Je relâchai ma prise, puis l'attirais dans mes bras
-Ne redis plus jamais ça. Lui soufflai-je
Il fondit en larmes, ces jambes tremblaient et ne le portaient plus vraiment, nous nous agenouillâmes, et je finis par l'assoir, comme un enfant, sur mes genoux. Je le berçais doucement, tendrement pendant une quinzaine de minutes, lui murmurant de temps à autres des paroles apaisantes. Ses pleurs finirent par se tarirent et il s'endormit dans mes bras.
Je me relevai en prenant soin de ne pas déranger le sommeil de mon loup, d'un Alohomora j'ouvris la porte et entrepris de gravir le quatre volées de marches. Je me fis la réflexion que la tâche était un peu trop aisée, il était beaucoup trop léger pour un homme de quarante ans de sa taille. . Arrivé à sa chambre, je le mis délicatement au lit, d'un sort je le déshabillai et invoquai un pyjama à la place, et finis par le recouvrir d'une couverture. Avant de quitter la chambre, je me retournais une dernière fois vers lui :
-Dors-bien mon loup.
Je me dirigeai vert la chambre de Teddy afin de vérifier que tout allait bien.
Je restais un moment à regarder Teddy dormir paisiblement, plus le temps passait plus les traits de son visage ressemblaient à ceux de son père, j'étais sûr qu'il serait son portrait craché. C'était agréable de le voir dormir si profondément, épargné par tous les problèmes alentour. C'était reposant.
Comment Nymphadora avait-elle put faire ça à Teddy et à Rem ? Là, elle s'était conduite comme une vraie Black, moi qui la pensais différente des autres, je m'étais lourdement trompé, elle me dégoûtait !
Plongé dans mes pensées, une phrase me revient en tête et résonna longtemps dans mes oreilles celui que j'aime. Remus était donc amoureux d'un homme. Cette simple phase eut l'effet d'un boomerang, tout d'abord j'en fus heureux j'avais une chance, mais le boomerang me revint en pleine face, il en aimait déjà un. Et puis comment ce faisait-ce qu'il y encore quelques heures j'étais convaincu qu'il aimait les femmes ?
C'était très dur de savoir qu'il aimait les hommes, enfin non de savoir qu'il en aimait un, je savais que ce n'était pas moi, pour lui je n'étais que son ami. J'aurais préféré ne pas savoir, car maintenant je sais que cela aurait pu marcher, il est accessible pour les hommes…mais pas pour moi.
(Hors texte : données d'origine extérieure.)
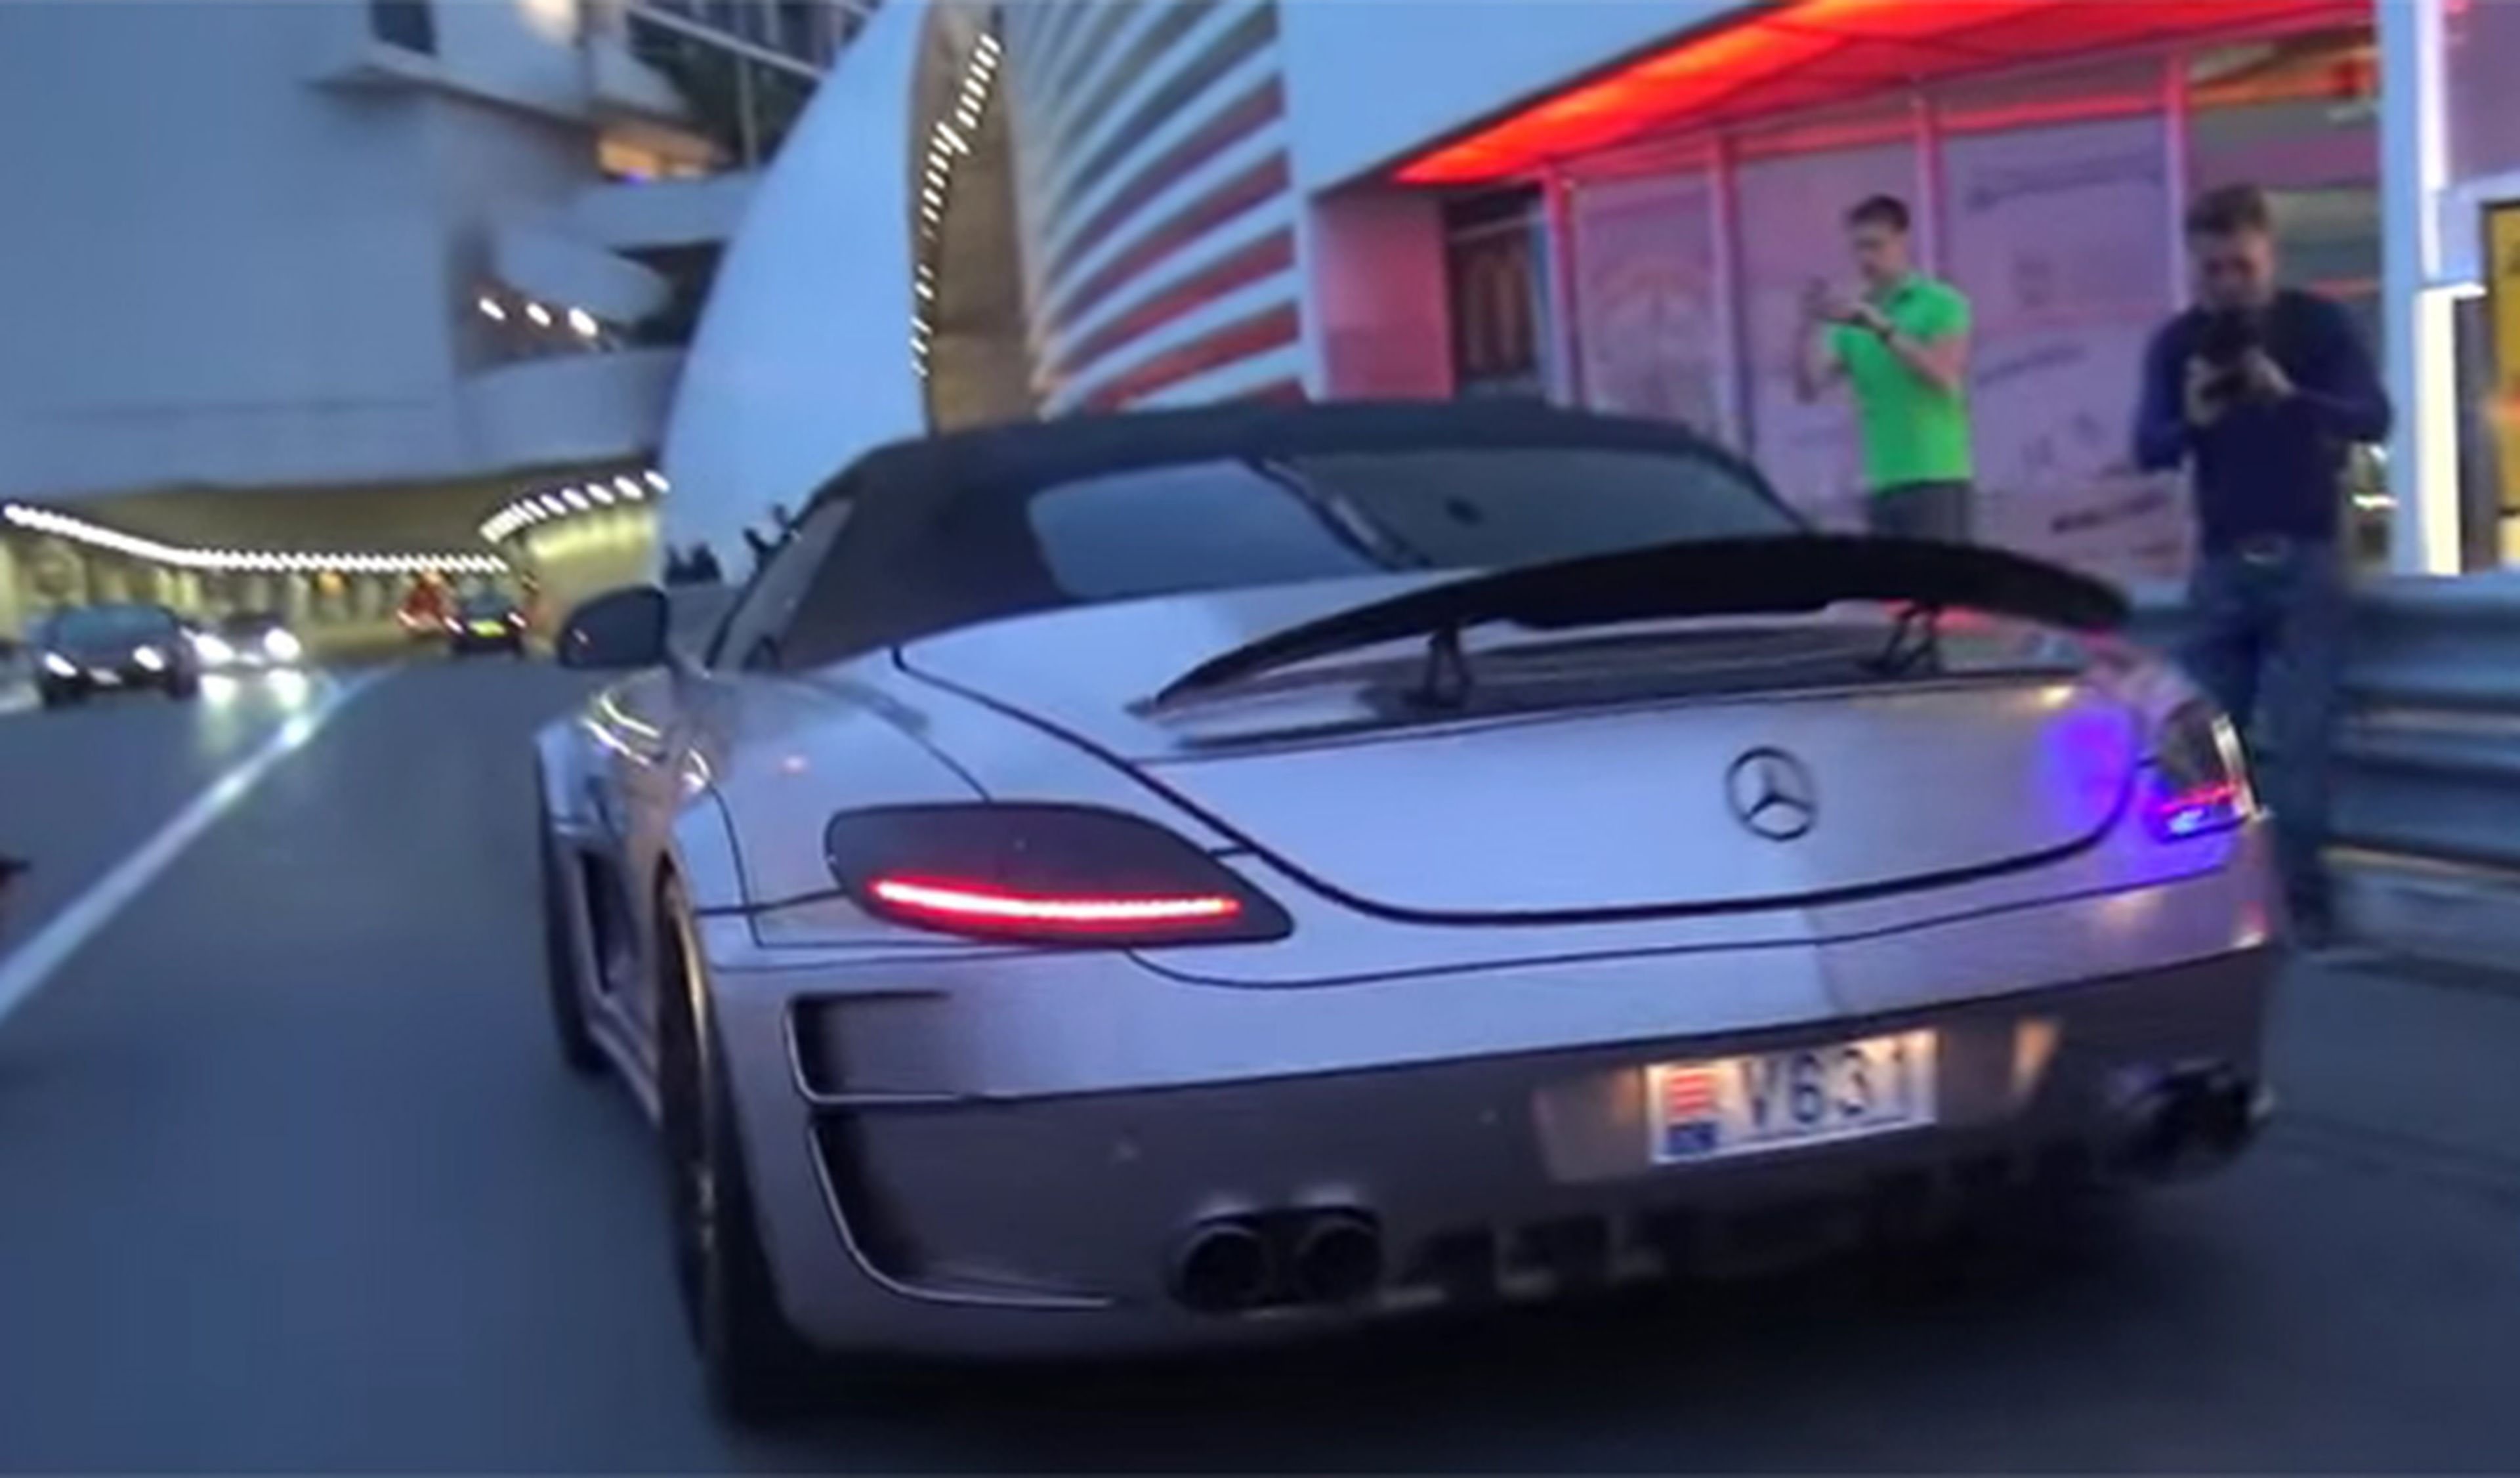 Escucha cómo suena este Mercedes en el túnel de Mónaco

Je me creusais la tête dans le but de trouver qui pouvait être cet homme qu'il aimait, et après quelques instants de réflexion, deux noms me vinrent : tout d'abord Snape, parce que je trouvais étrange la manière dont Moony prenait toujours sa défense, et ensuite Kingsley parce qu'il était loin d'être un mauvais parti, un sourire orna mes lèvres au souvenir de bonnes soirées passées en sa compagnie. Cela ne plaisais pas, mais je préférais imaginer Rem' amoureux de Kings' plutôt que de Snape.
Á part eux, je ne voyais personne d'autre, ou alors c'était un homme que je ne connaissais pas.
Stop Sirius, arrêtes de te prendre la tête avec ça et vas dormir me fustigeais-je en quittant la chambre.